The samadhi of Uddhav Swami, a favorite disciple of Saint Ramdas Swami, is located at the center of Kaij. Constructed in 1797 by the Deshpande family of Kaij, the samadhi is housed in a 10' x 10' math and features a hall supported by four pillars. The site hosts an annual utsav (festival) during Caitra Suddha Pratipada, funded by the Deshpande family.

- Balaji Mandir

Located in the eastern part of Kaij, this temple is dedicated to Lord Balaji. Built by Balakrishna Maharaj, the temple features a 30' x 30' mandap supported by wooden pillars and a sanctum adorned with five arches. The temple also houses idols of Lakshmi, Vyankatesh, and Gopalkrishna.

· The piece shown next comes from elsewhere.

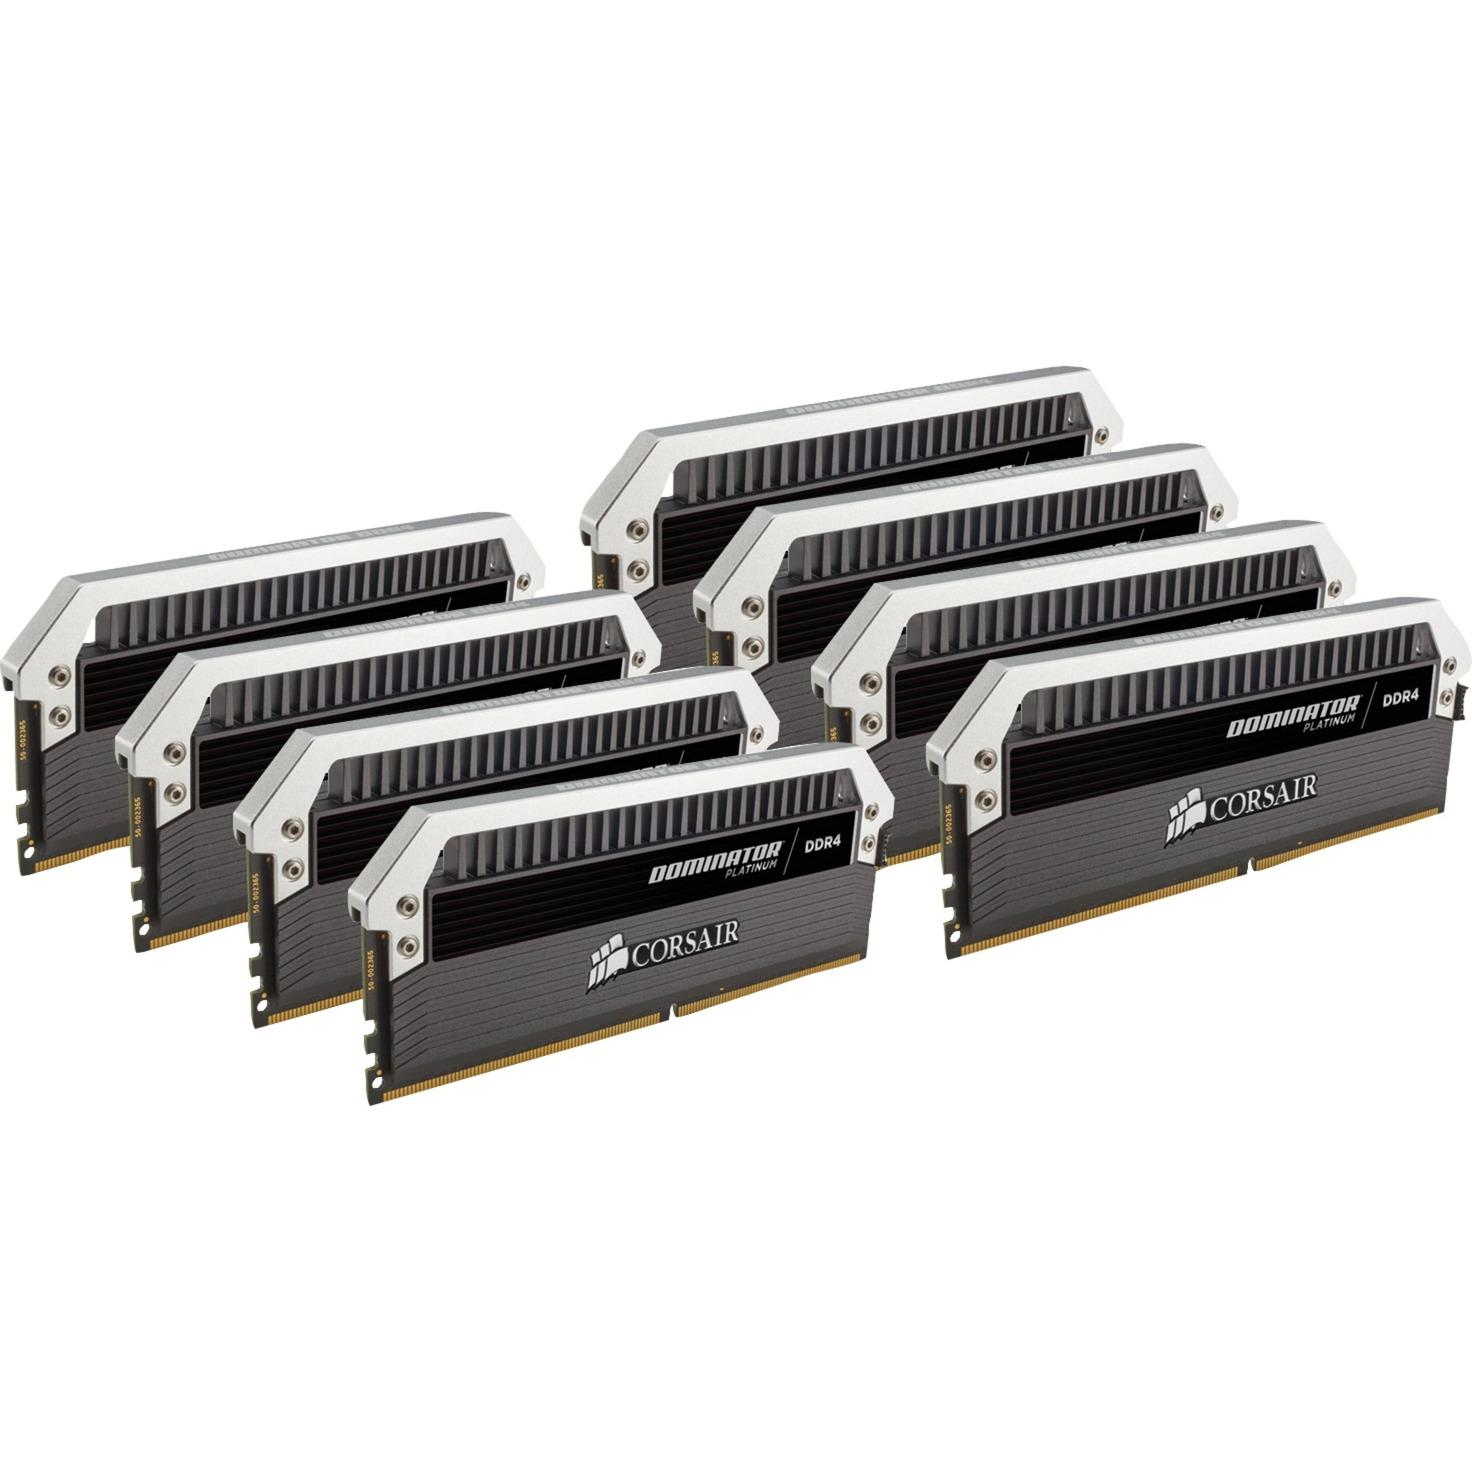 128 GB, 3000 MHz, DDR4 módulo de memoria, Memoria RAM

- Khvaja Mazubuddin Dargah

Situated on the outskirts of Kaij, this dargah is an architectural marvel built by the grandson of Qutbuddin. It features a courtyard surrounded by a parapet wall and a protective double wall with arched entrances. The dargah houses the tombs of Khvaja Mazubuddin, his wife, and his son Saif-ud-din. An urus is held annually on the 6th of Rabi-ul-Awwal, drawing over 3,000 devotees.